All of secular society — the state, the market, civil institutions and associations — is accountable for ensuring the wellbeing of its entire people. Religious institutions’ unique role is not to care for those who fall through the cracks, if that’s understood, explicitly or implicitly, as absolving society-as-a-whole from fixing the cracks. It’s especially not religious institutions’ special role to dispose of their property at sub-market prices, as Resurrection is effectively doing, so that lower-income families can live in this city.

I’m not opposed per se to religious institutions serving in this fashion. I’m awed that Resurrection would do this gracious thing; but they’re shrinking their operation as a result. By contrast, Alfred Street Baptist Church, which is growing, plans to displace affordable housing from its property in order to build a larger facility, for which they’ve taken some flak. But why shouldn’t a church grow?
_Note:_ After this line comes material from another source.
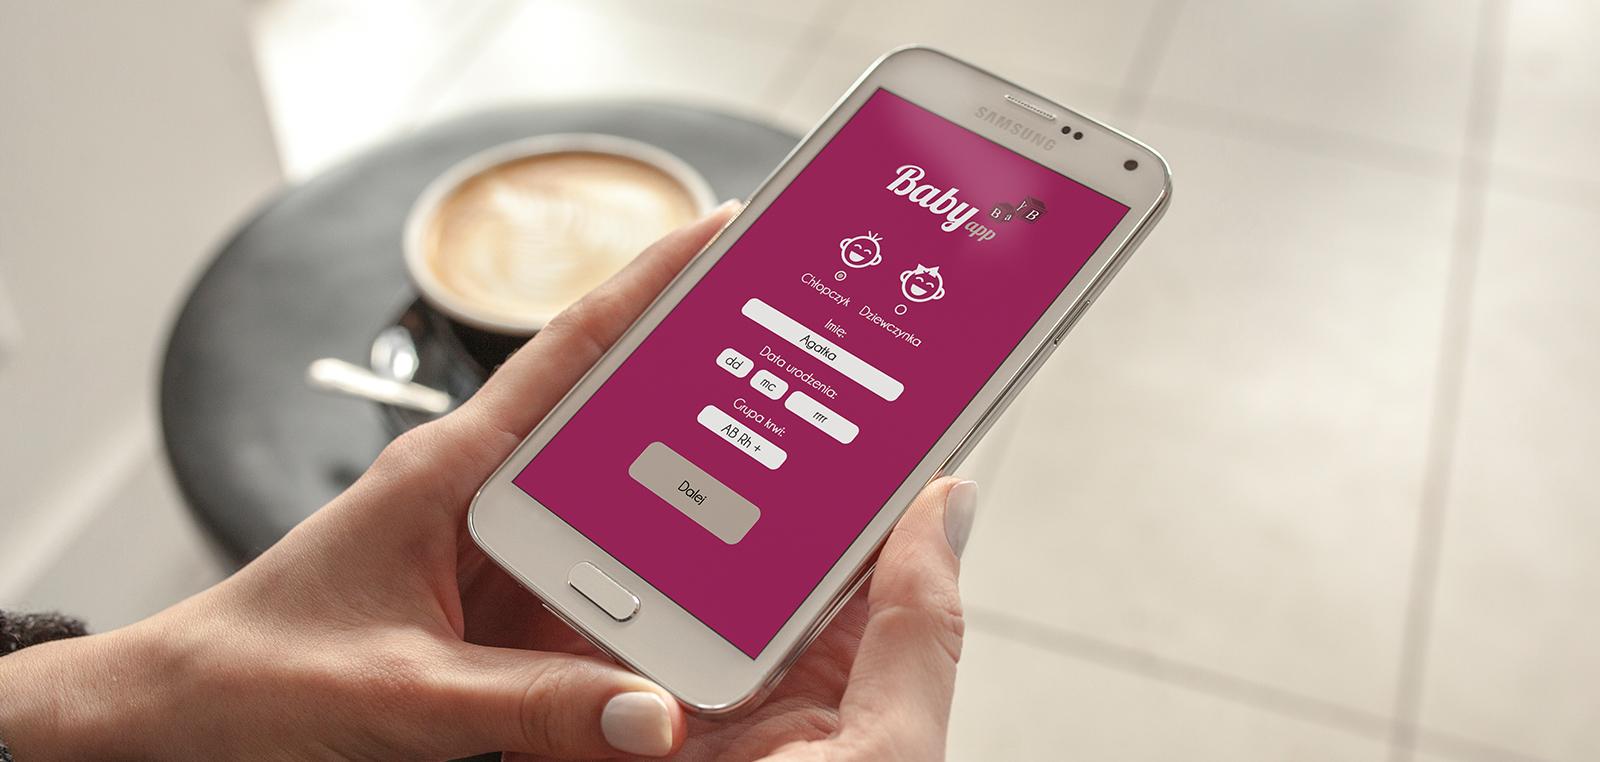 zlecenia graficzne - aplikacje mobilne. przykładowe ujęcie telefonu z wyświetloną aplikacją dla rodziców niemowląt

Part of its explicit mission, as with many religions, is to seek to provide spiritual nourishment to more people by bringing them into the fold.

Religious institutions also provide myriad benefits that are comprehensible in non-religious terms. Their ministries include material and financial assistances; programs for youths; daycares and schools; marriage and parenting resources; counseling; space for AA, Scouting, and the like. They’re also a training ground for democracy; serving in voluntary ministries, planning committees, etc., helps people practice working together and reaching compromises. (Political scientists have statistically correlated religious involvement with several forms of community and political engagement.) Religious institutions also often serve as intermediating communities for immigrants; carriers of ethnic heritages; and, as notably in the case of black churches, incubators and conduits of otherwise marginalized political voices.
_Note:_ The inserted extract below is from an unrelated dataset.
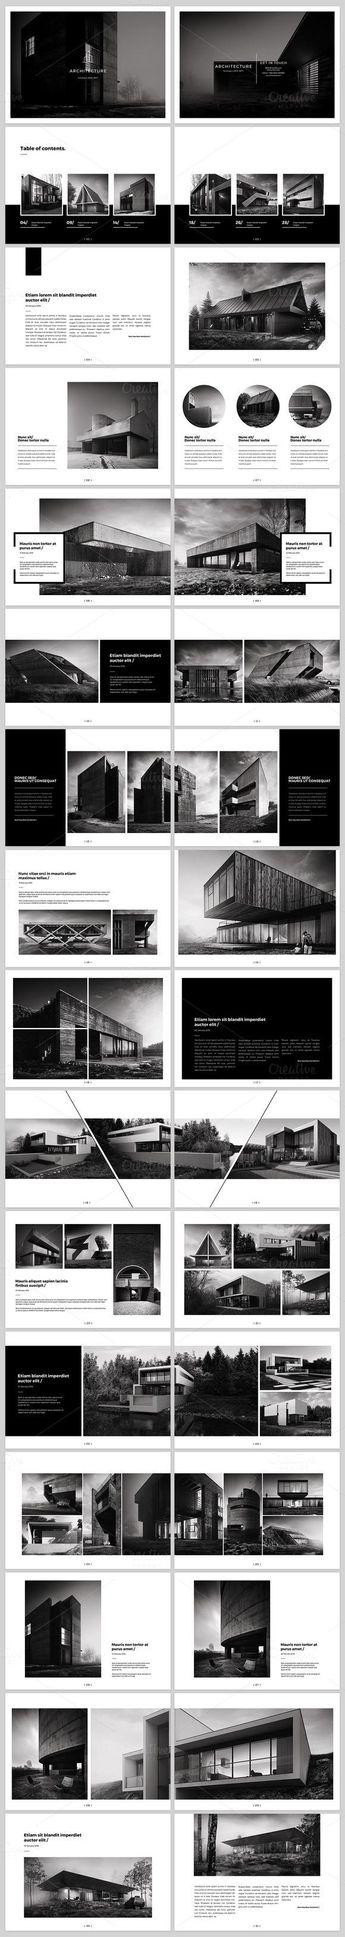 CM 627872 – Architecture Landscape Brochure More

So when I see Alexandria congregations — Resurrection, St. James, Alfred Street, Fairlington Presbyterian — lining up to do affordable housing, I have mixed feelings. If they feel called to do that, then great. But as a posture, a trend, a model of approaching equitable housing in this city? That’s concerning. It’s not religious institutions’ job to constrain the other spiritual and social goods that they provide in order to make up for society-as-a-whole’s systemic inability — or unwillingness — to effect the common good.
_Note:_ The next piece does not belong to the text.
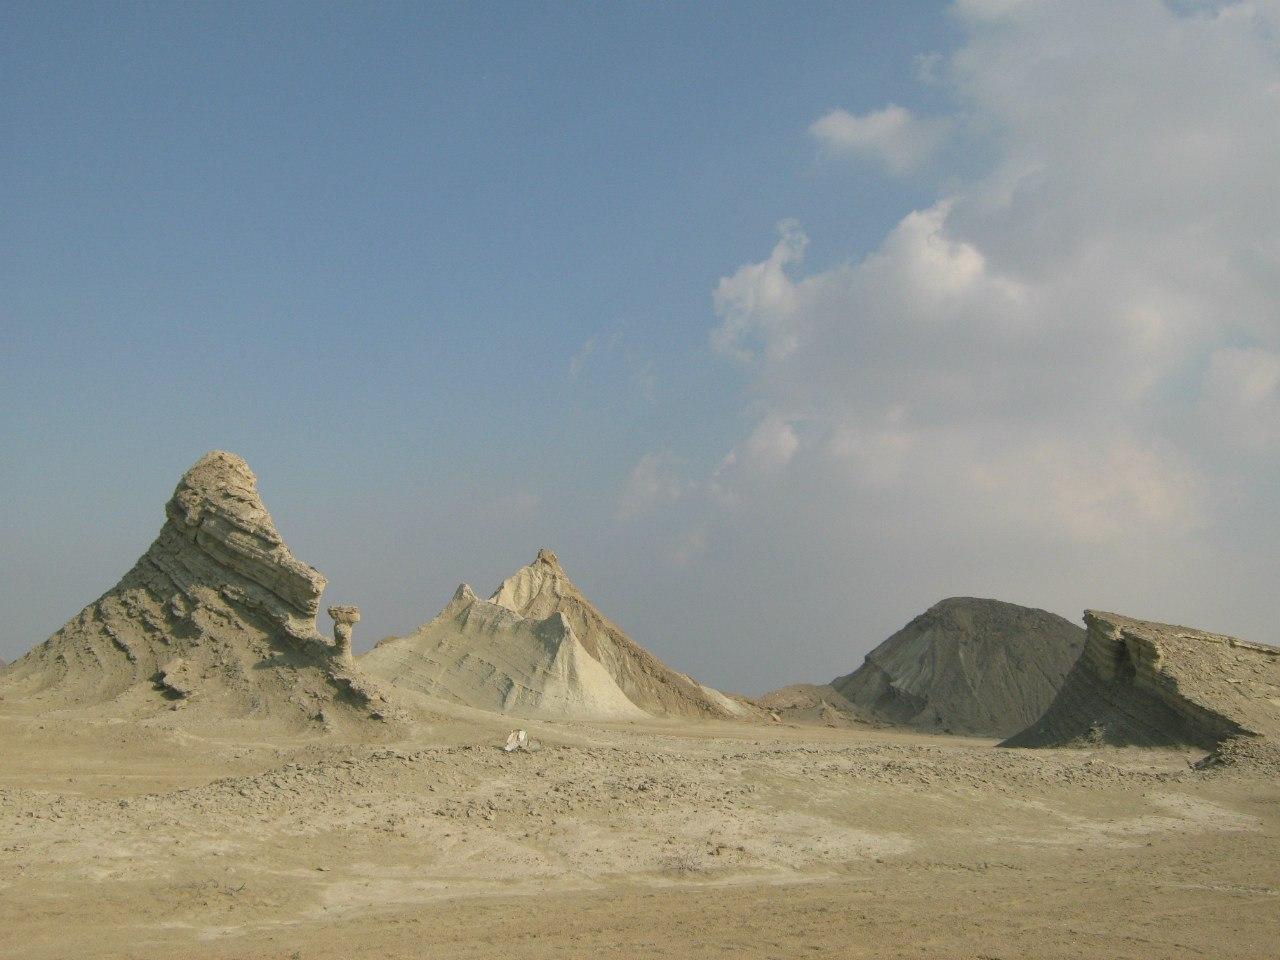 Геологические образования близ Лафт на Кешм

I’m not lambasting council. They did right by Resurrection. But they could and should do more. If affordable housing is truly a high political priority, then they need to find more, and more consistent, money for it. They should earmark funds in the city’s long-term planning framework, as they do for other high priority investments. They can’t depend, as they did with Resurrection in the FY18 budget, on their ability to find the money in the 11th hour.

The author, an Alexandria resident, writes on faith issues for the Gazette Packet.